Exercise directions
When you transcribe the listing that follows, keep every line exact and omit the pictures.

Available data
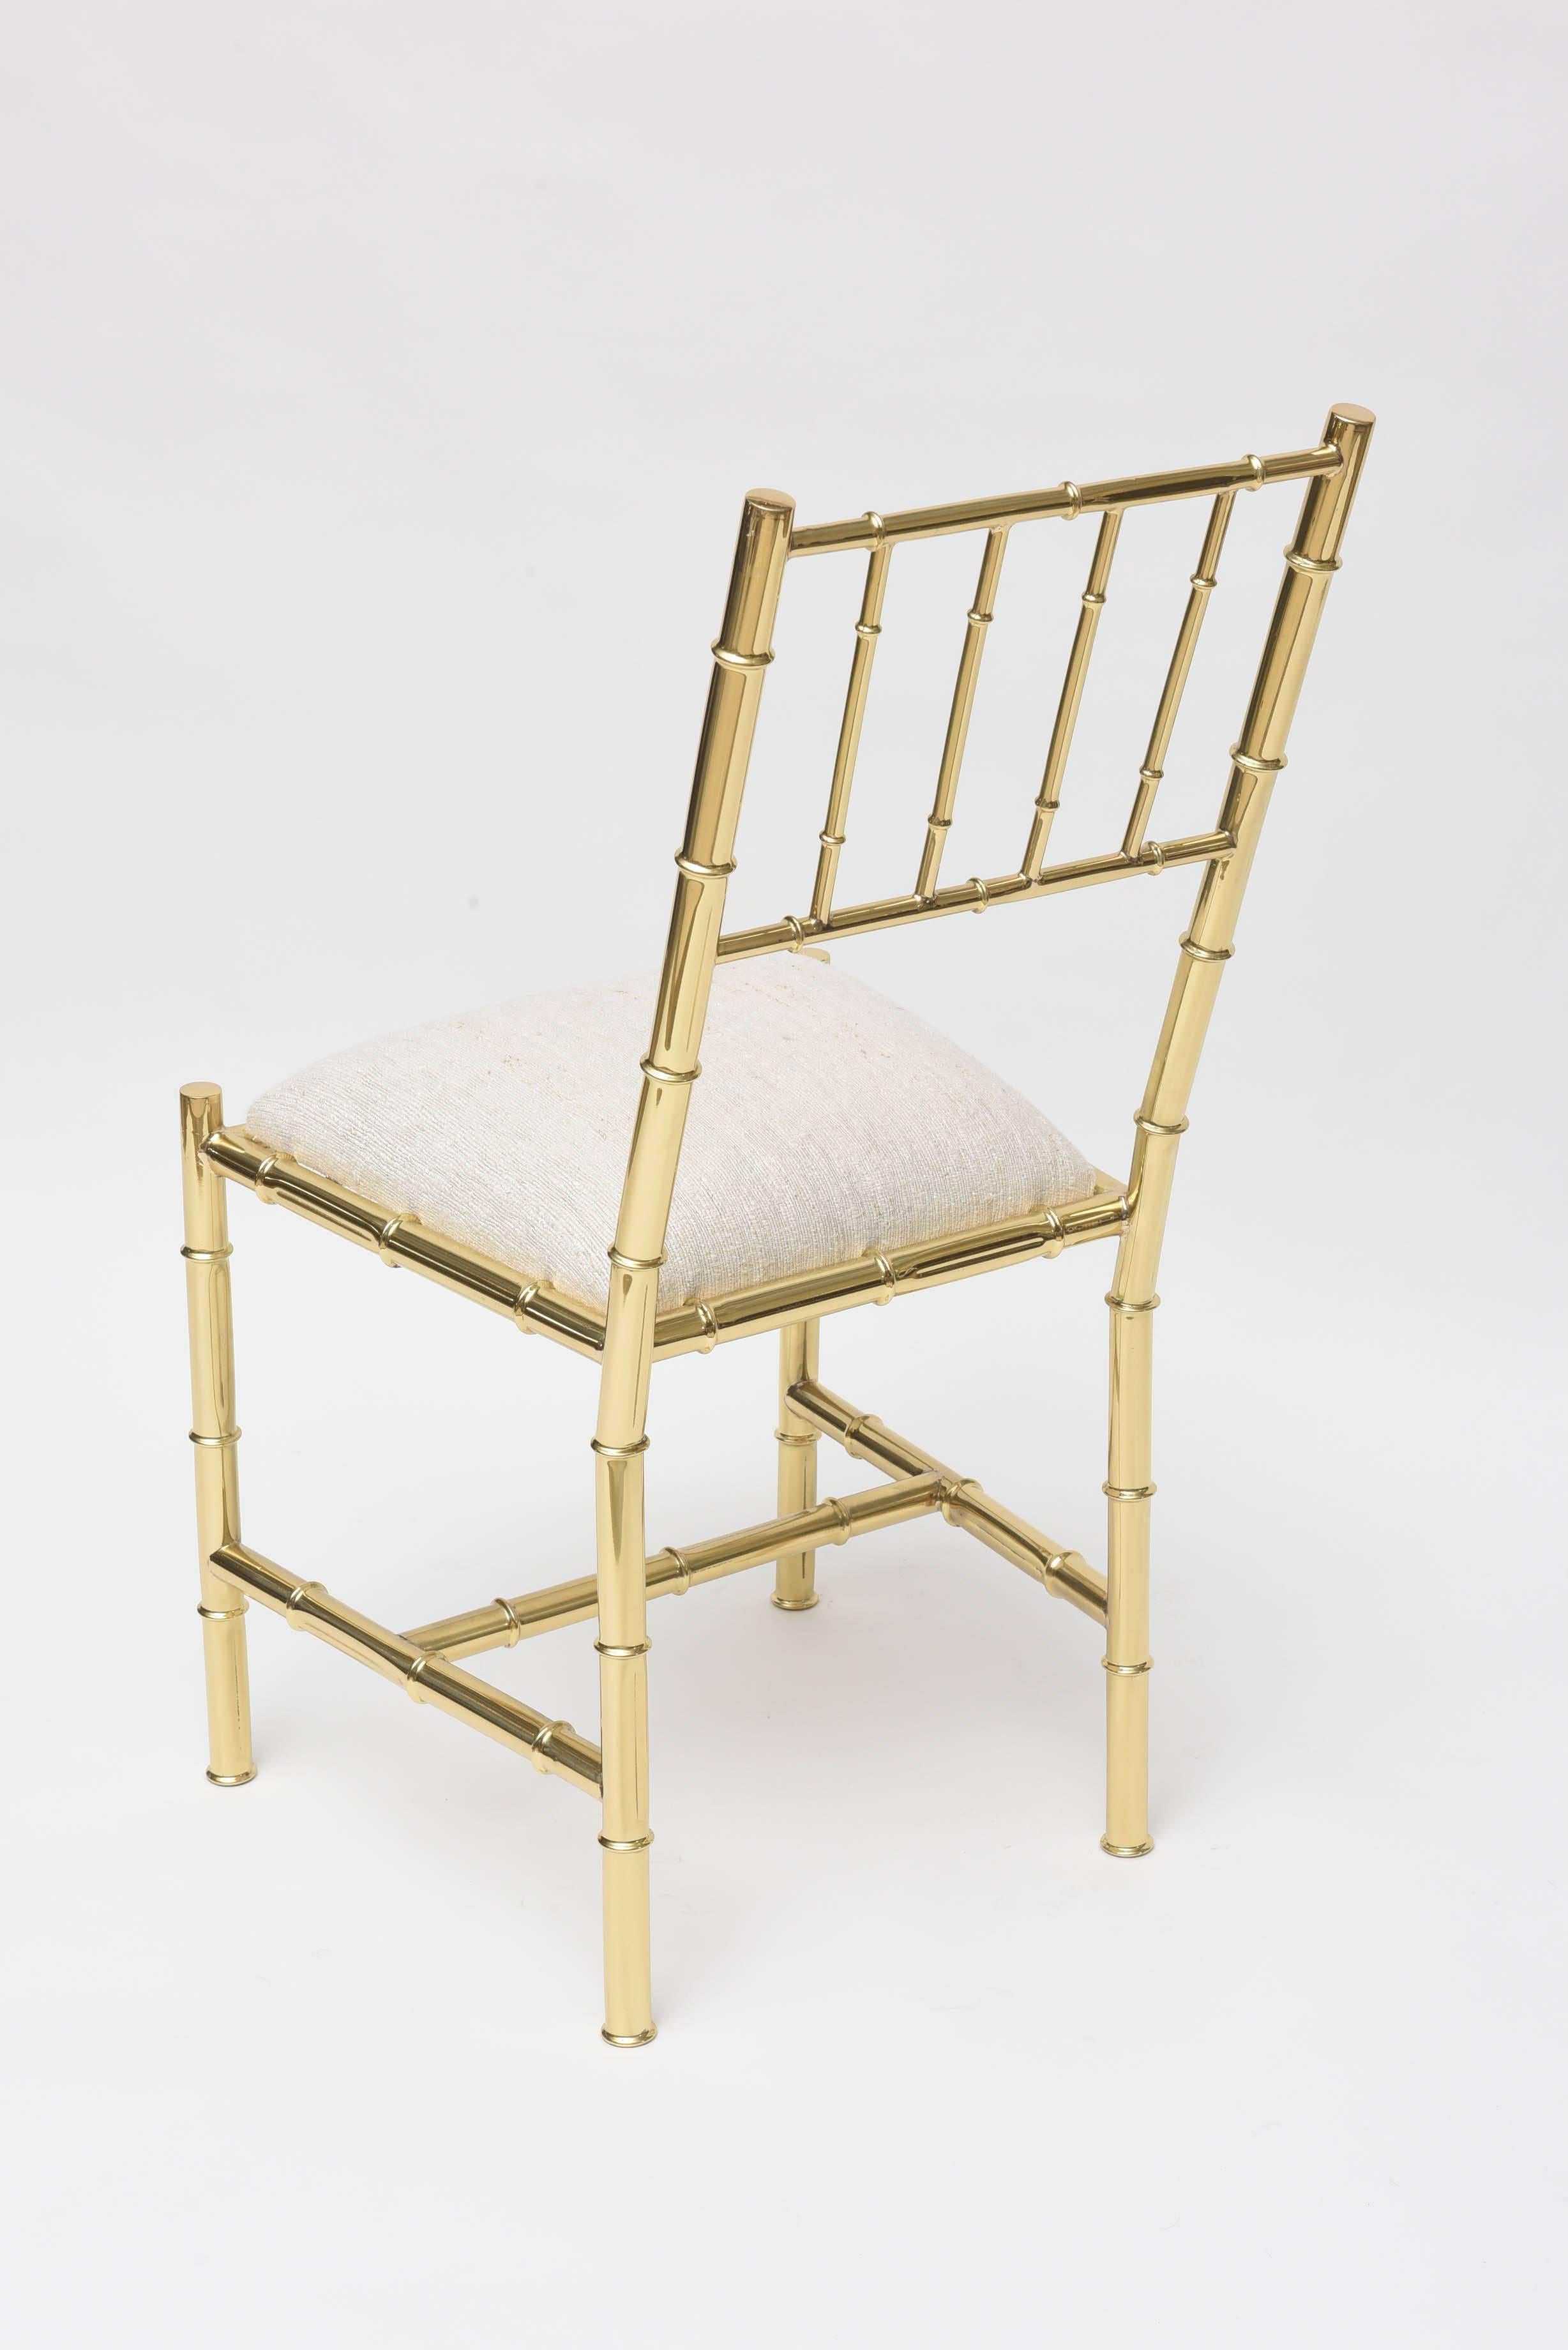 Italian Faux Bamboo Chair in Polished Brass 1
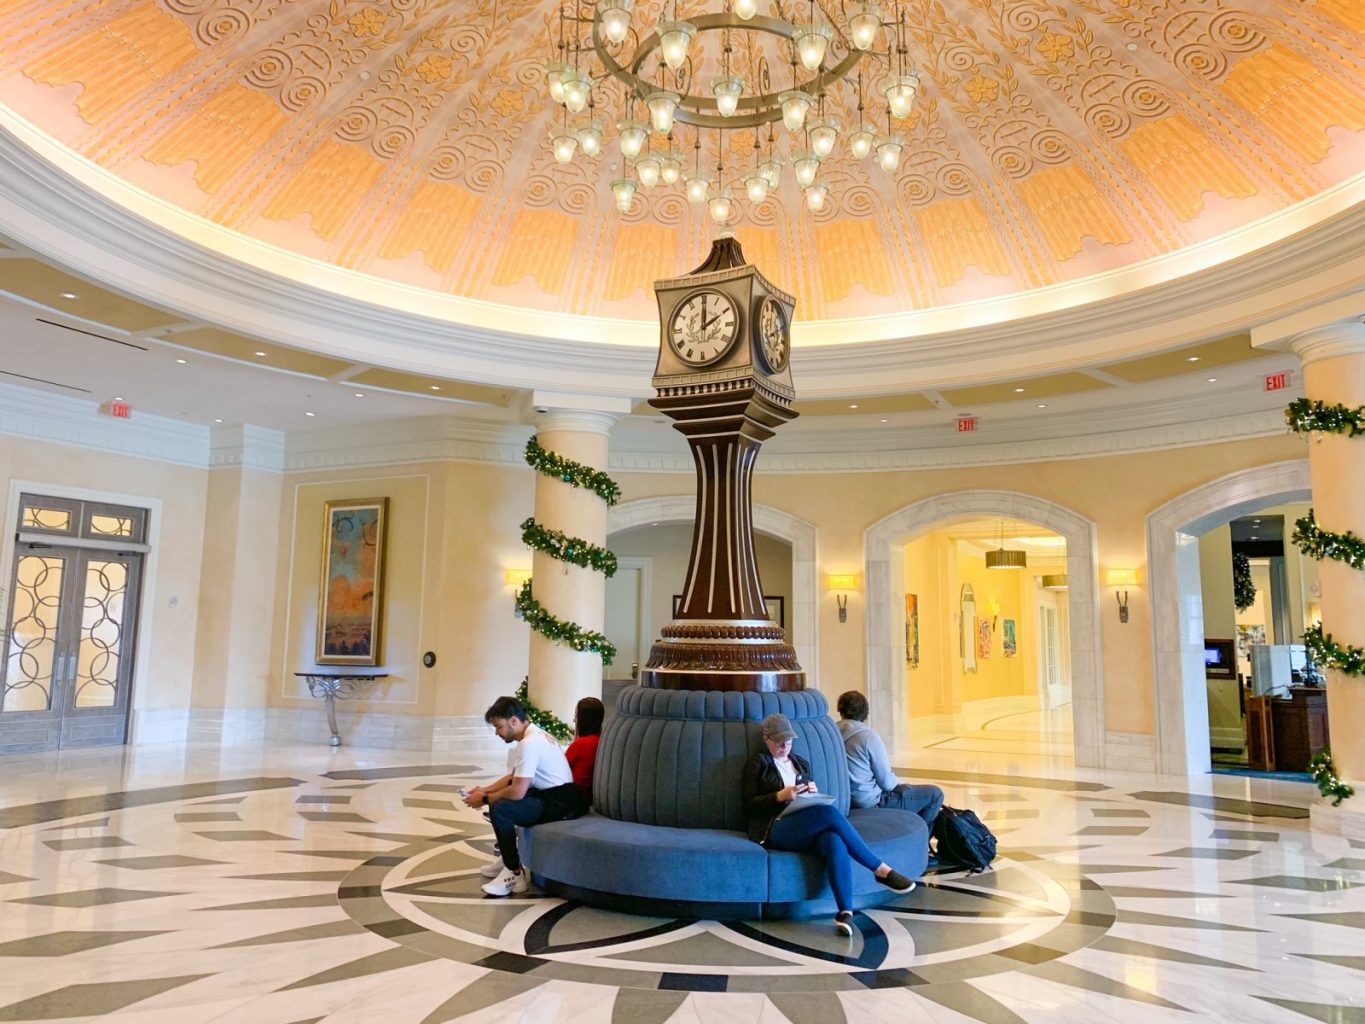 best hotels near Disney World lobby of Waldorf Astoria with chandelier and antique clock
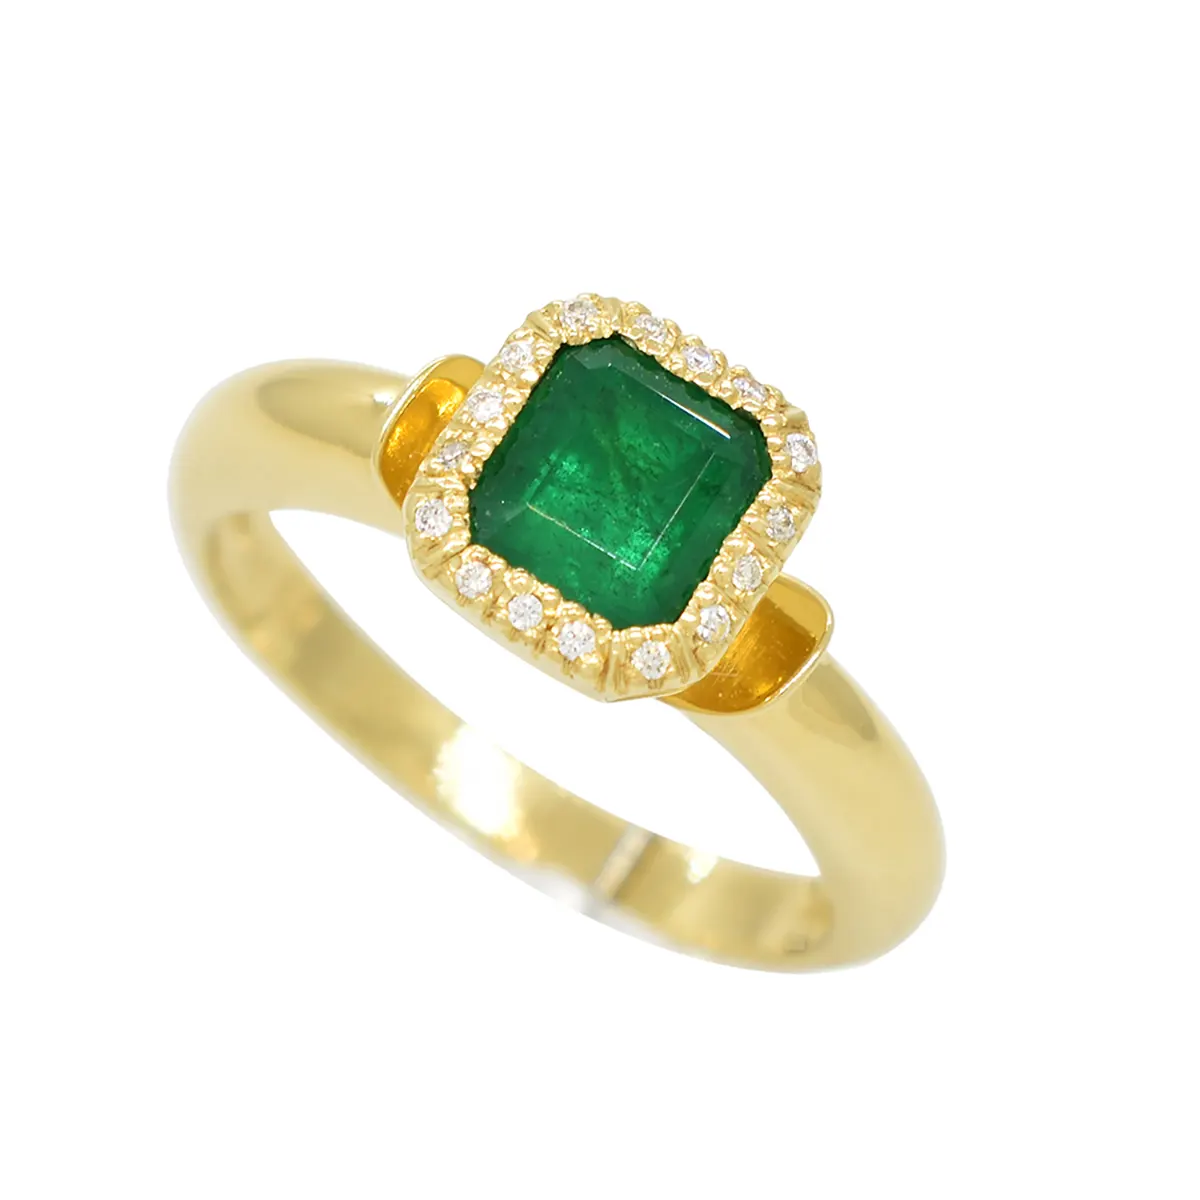 Emerald Cut Emerald in 18K Yellow Gold Ring With Diamond Halo in Bezel Setting
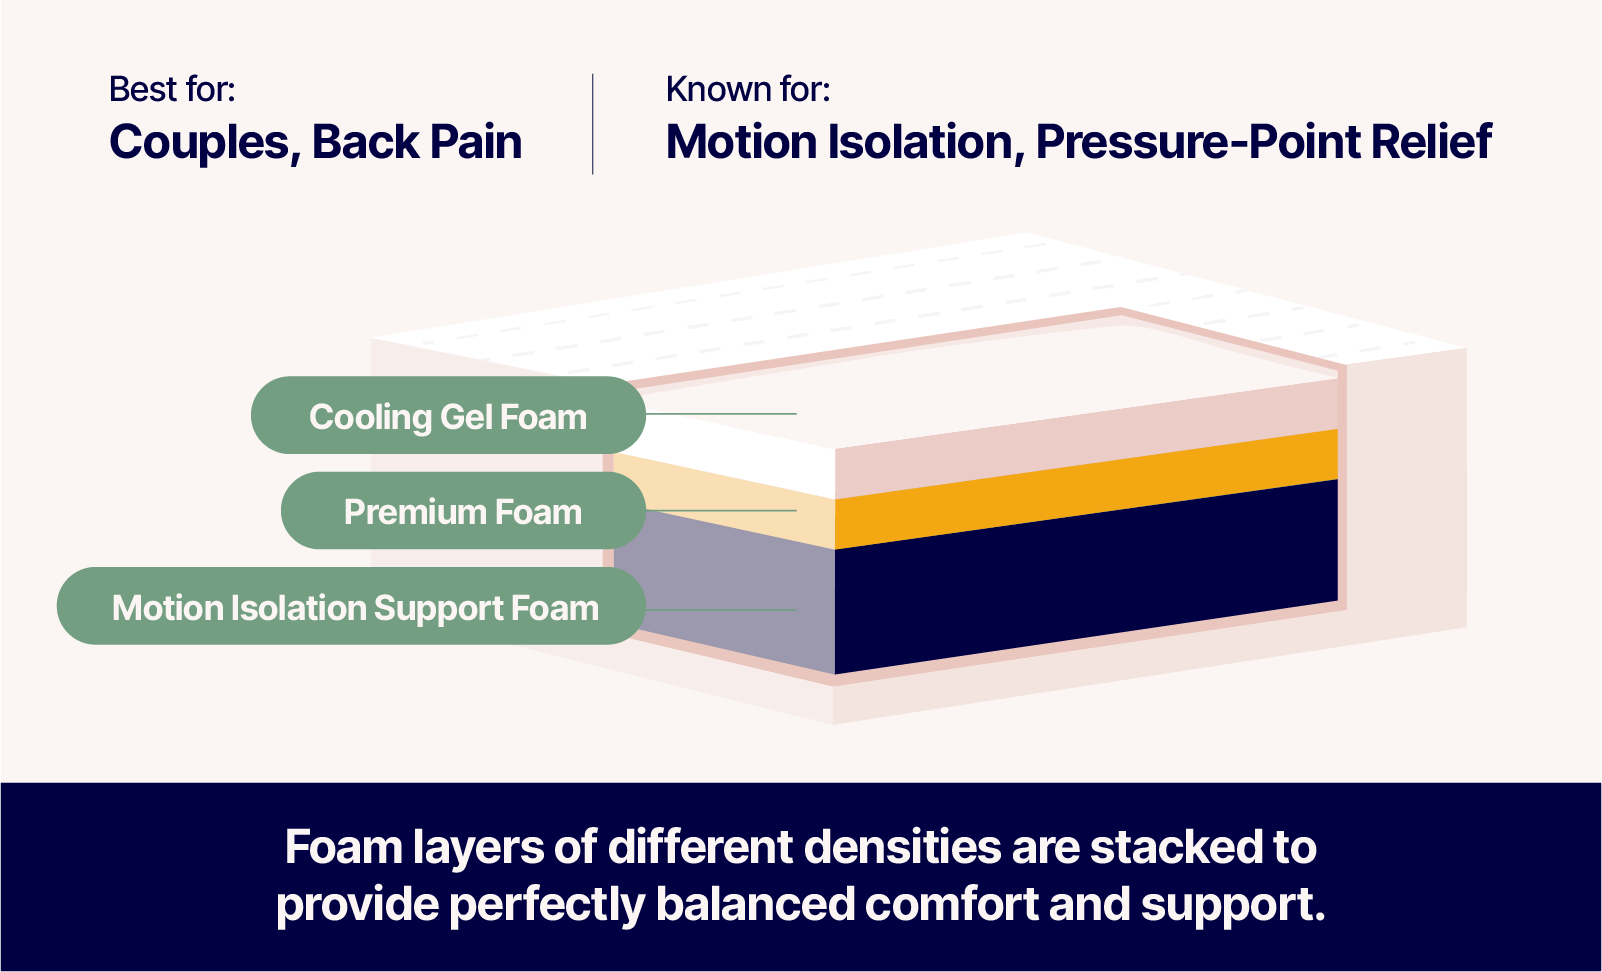 diagram of foam mattress showing cooling gel foam, premium foam, and motion isolation support foam layers. Text says the mattress is best for couples and back pain, and the mattress is known for motion isolation and pressure point relief. Description states that foam layers of different densities are stacked to provide perfectly balanced comfort and support.

Expected output
 Italian Faux Bamboo Chair in Polished Brass 1
 best hotels near Disney World lobby of Waldorf Astoria with chandelier and antique clock
 Emerald Cut Emerald in 18K Yellow Gold Ring With Diamond Halo in Bezel Setting
 diagram of foam mattress showing cooling gel foam, premium foam, and motion isolation support foam layers. Text says the mattress is best for couples and back pain, and the mattress is known for motion isolation and pressure point relief. Description states that foam layers of different densities are stacked to provide perfectly balanced comfort and support.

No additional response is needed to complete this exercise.